Date: 1500-1600
Language: French
Origin: Latin campus 'field'


1 noun
camp1 S3 W3

in the mountains/forest etc

[uncountable and countable] a place where people stay in tents, shelters etc for a short time, usually in the mountains, a forest etc:
Let's go back to camp - it's getting dark.
a camp near Lake Ellen Wilson
The soldiers broke camp (=took down their tents etc) and left before dawn.
pitch/make camp (=set up a tent or shelter)
It was dark by the time we pitched camp.
We set up camp (=made the camping place ready) at nearby Icicle Lake.
The expedition's base camp (=main camp) was 6,000 feet below the summit.
mining/logging etc camp (=a camp where people stay when they are doing these kinds of jobs)

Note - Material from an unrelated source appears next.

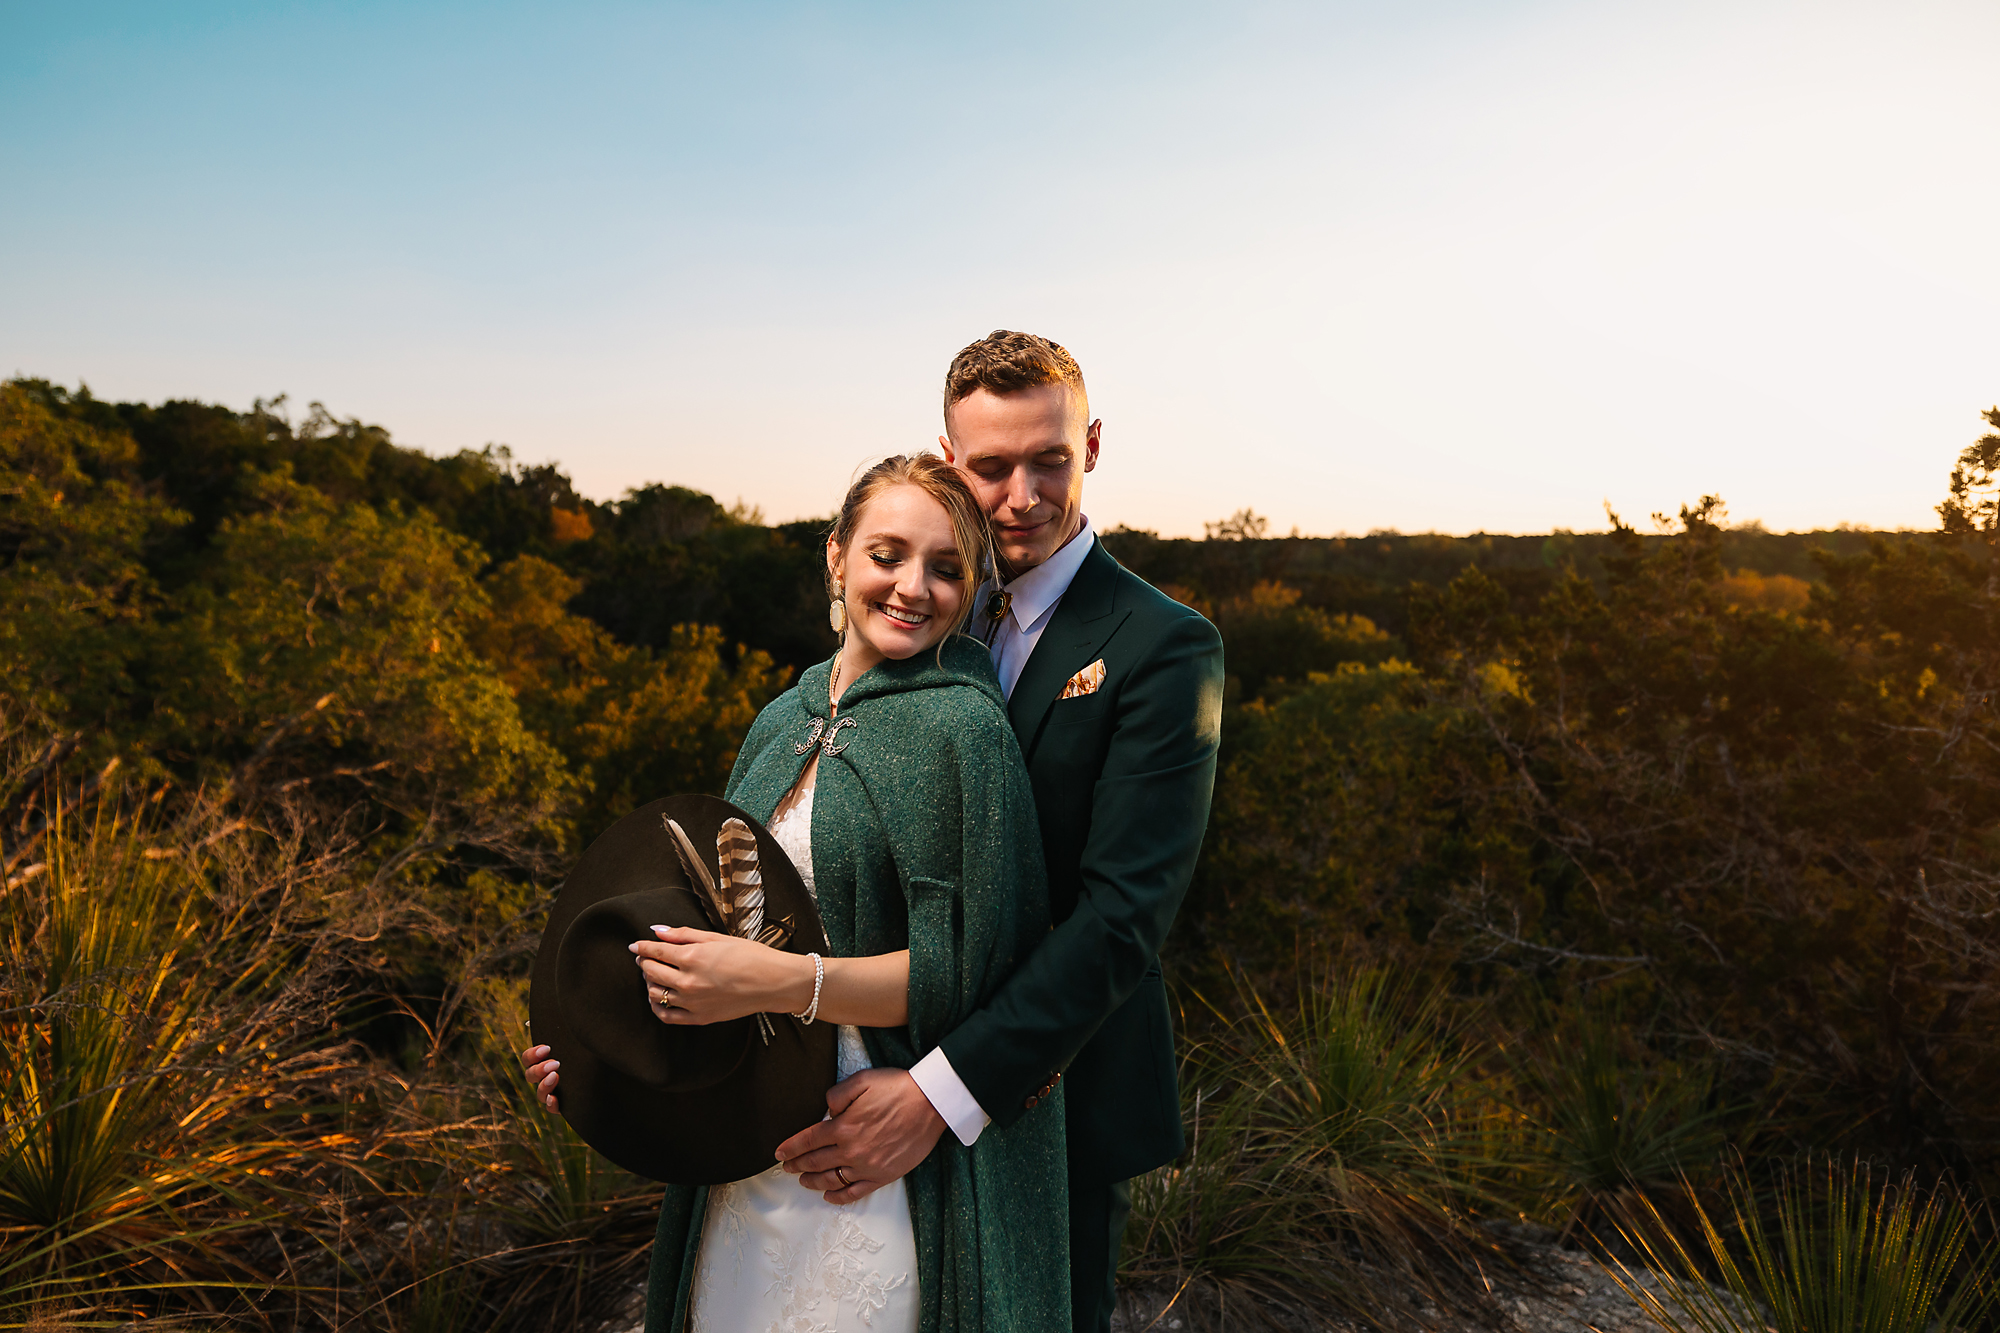 explore an amazing DIY outdoor wedding at elm pass woods in comfort, texas.

prison/labour/detention etc camp

a place where people are kept for a particular reason, when they do not want to be there:
a refugee camp just across the border
concentration camp

for children

[uncountable and countable] a place where young people go to take part in activities, and where they usually stay for several days or weeks:
The camp offers hiking, fishing, canoeing, and boating.
scout camp
Two years ago, she started a summer camp for girls aged 8 and older.
tennis/football etc camp (=a camp where you can do one particular activity)
day camp, holiday camp

group of people

[countable] a group of people or organizations who have the same ideas or principles, especially in politics:
the extreme right-wing camp of the party
At least Lynne is definitely in your camp (=supports you rather than someone else, and agrees with your ideas).

➔ have a foot in both camps

at foot1 (21)


[countable] a permanent place where soldiers live or train:
Donny is stationed at Camp Pendleton.